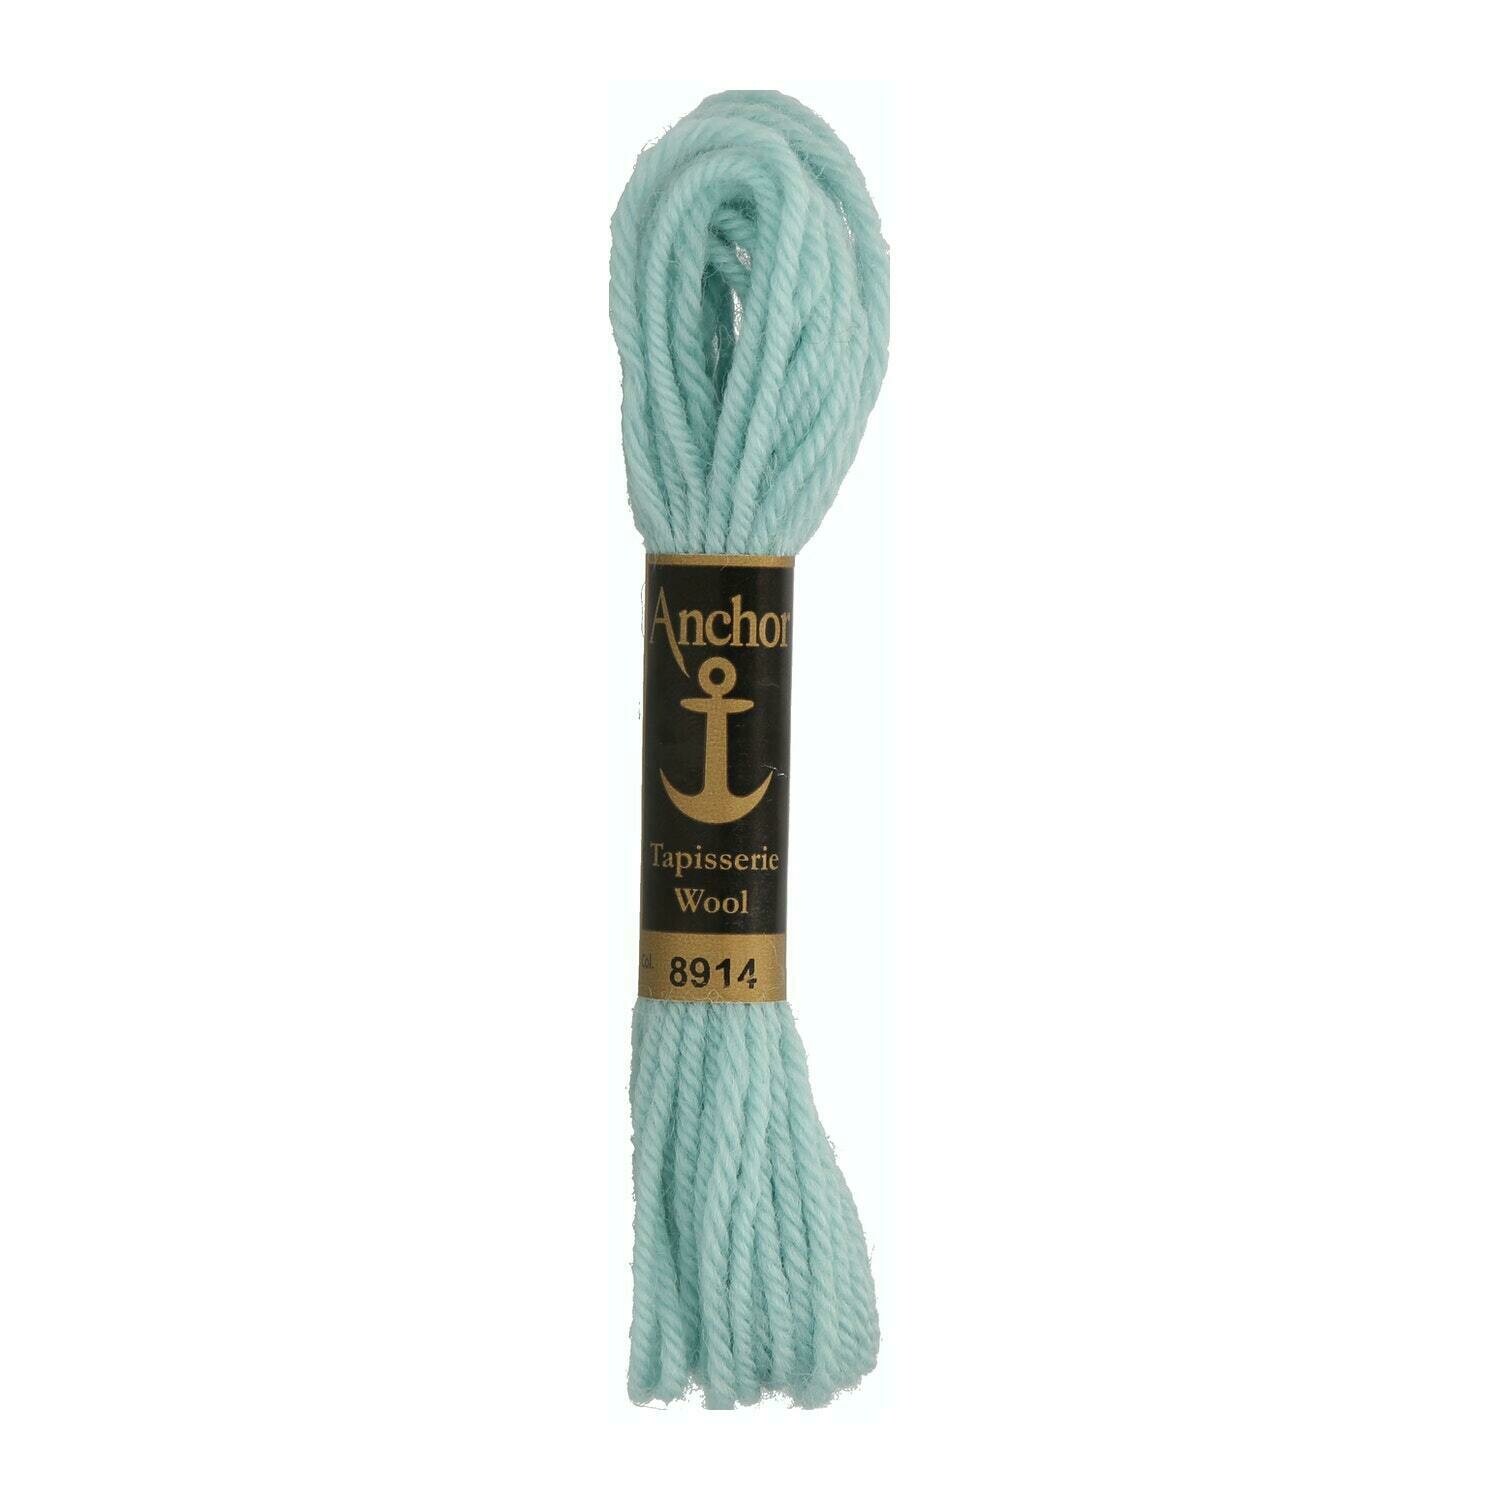 Anchor Tapisserie Wool #08982
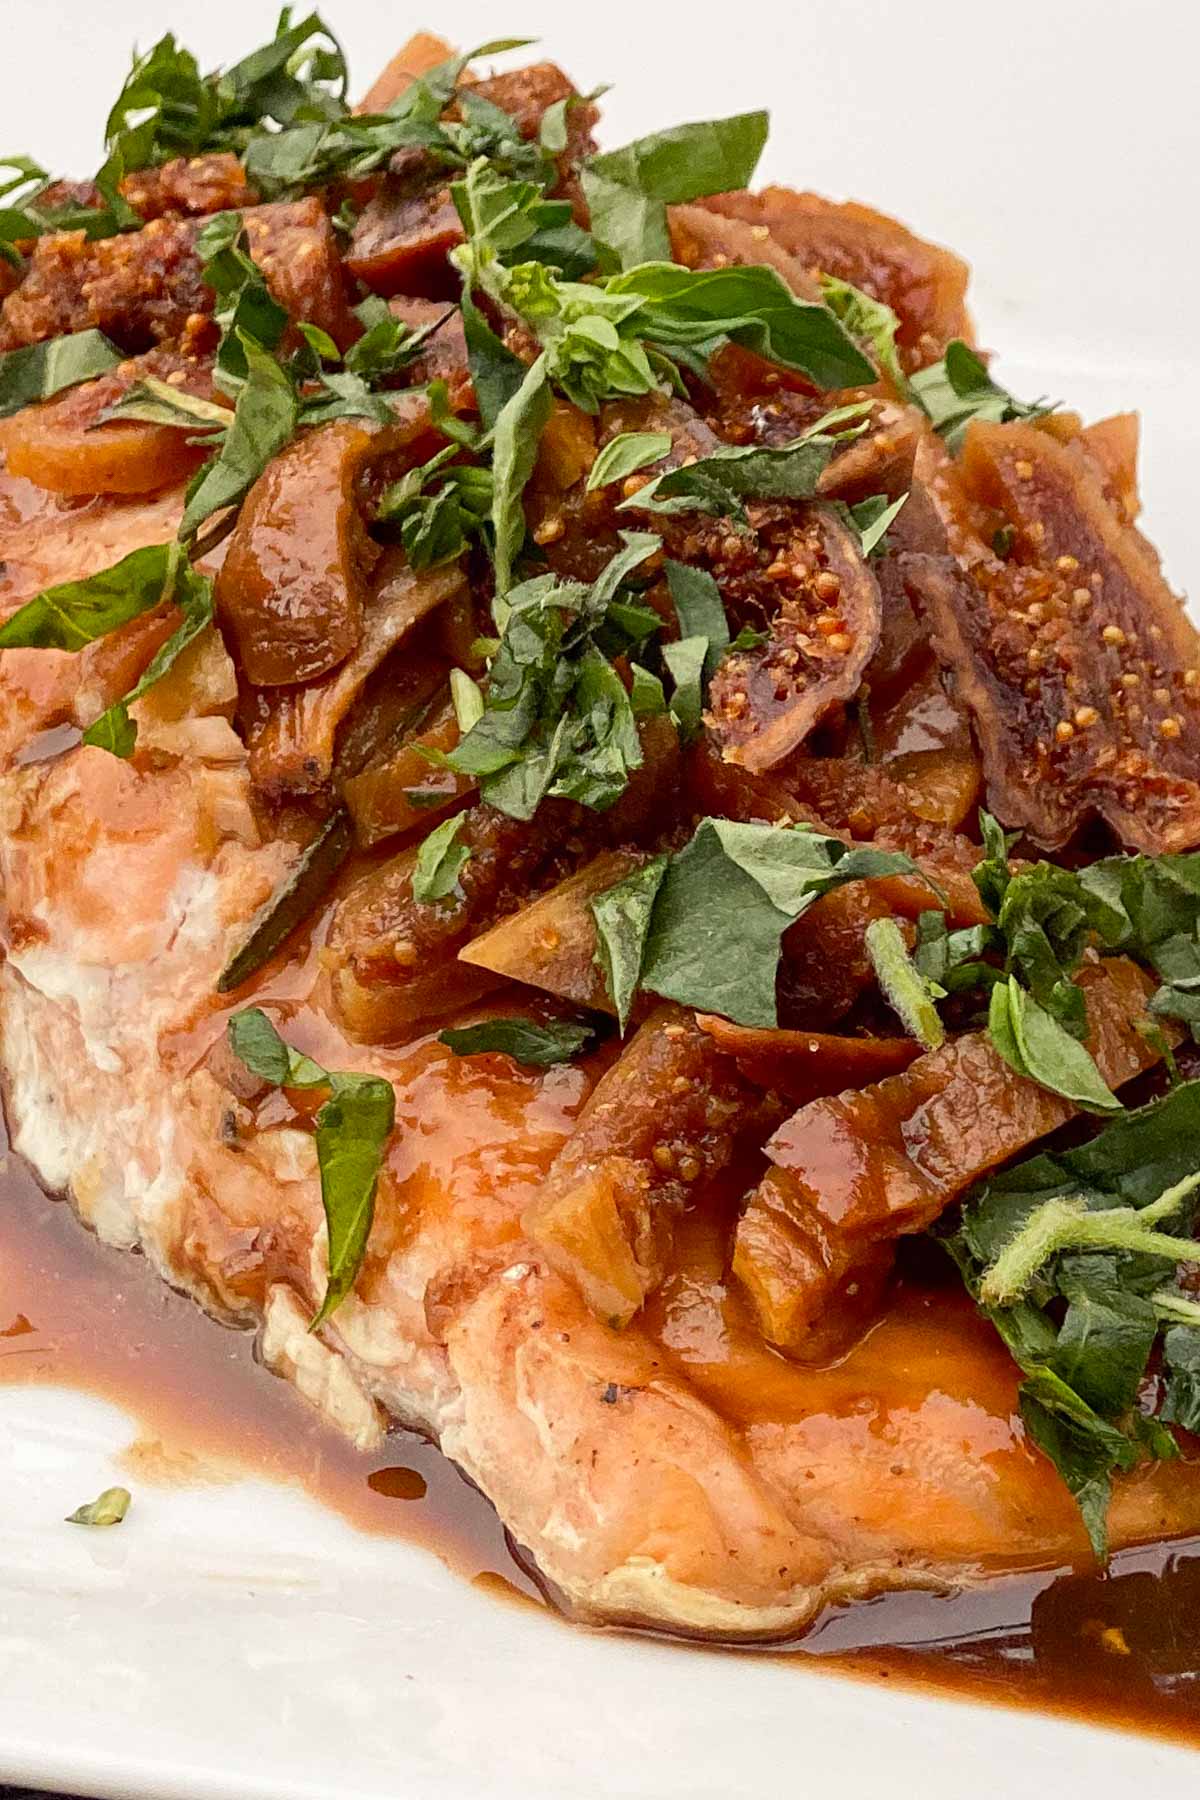 Baked salmon fillet topped with balsamic glaze, sliced figs and fresh herbs.
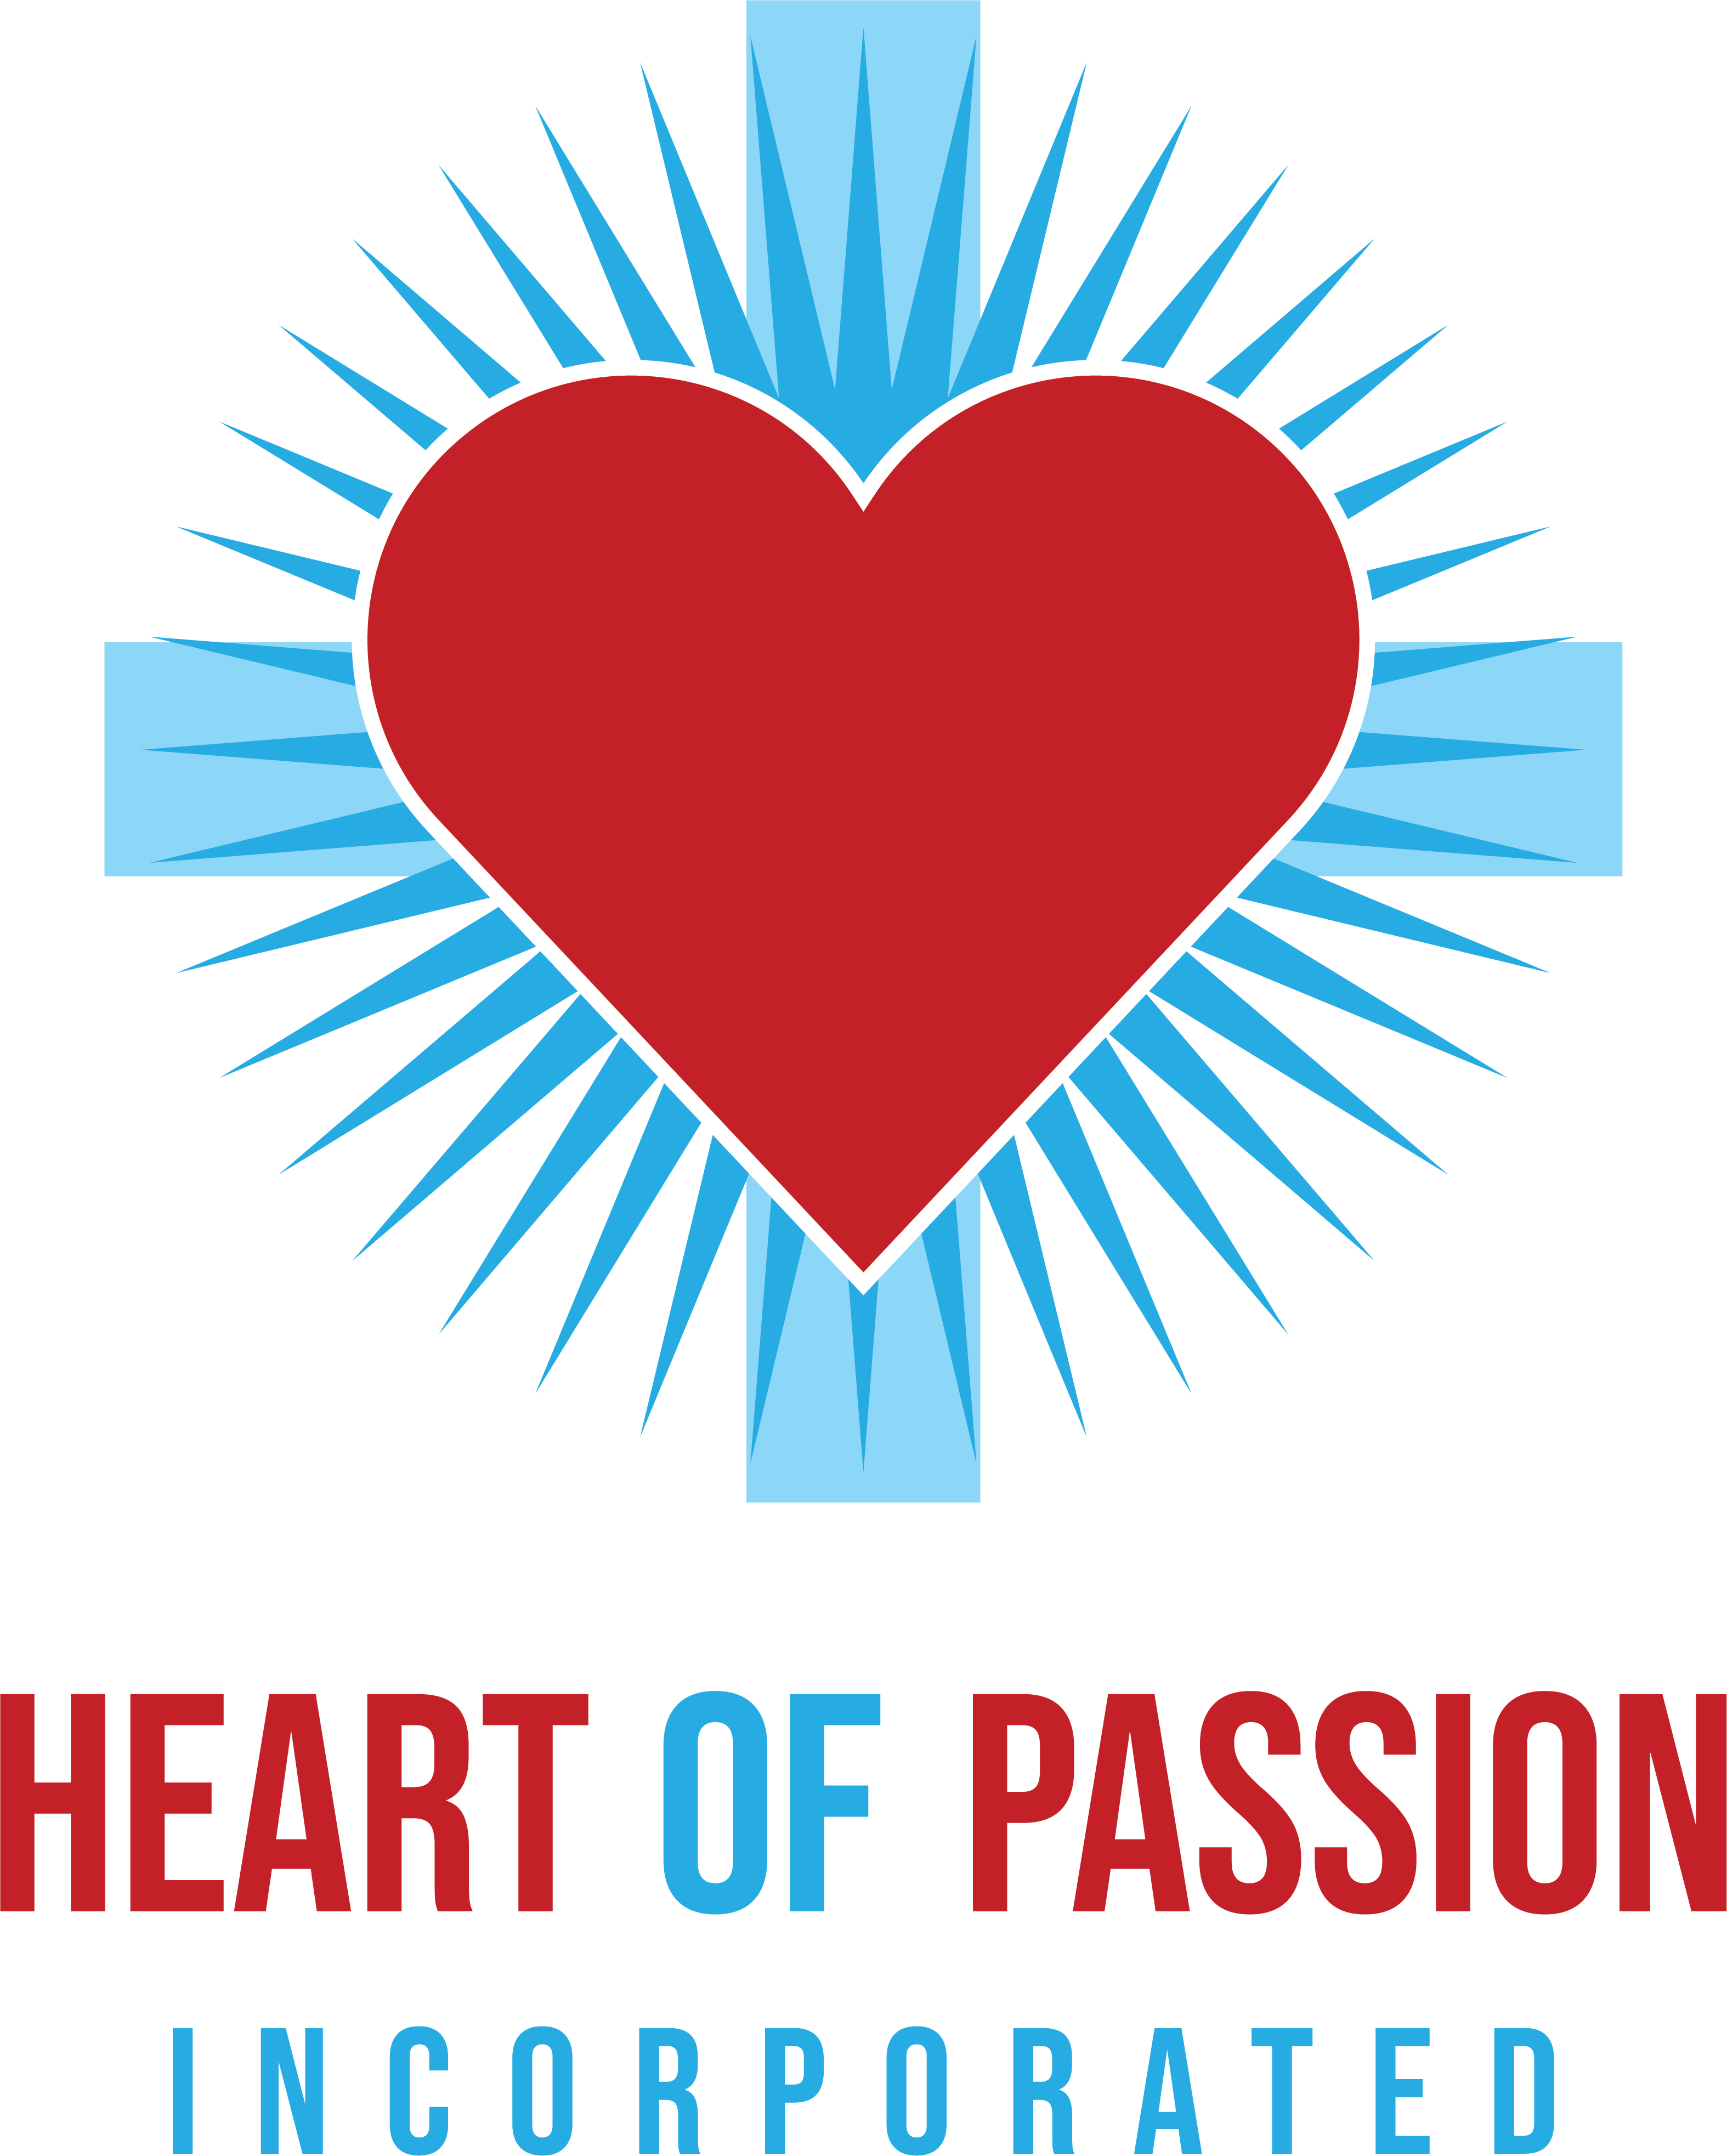 Heart of Passion

================================

__TASK DETAILS__.
Return the complete material above exactly, with no picture.

__EXERCISE SOLUTION__.
 Anchor Tapisserie Wool #08982
 Baked salmon fillet topped with balsamic glaze, sliced figs and fresh herbs.
 Heart of Passion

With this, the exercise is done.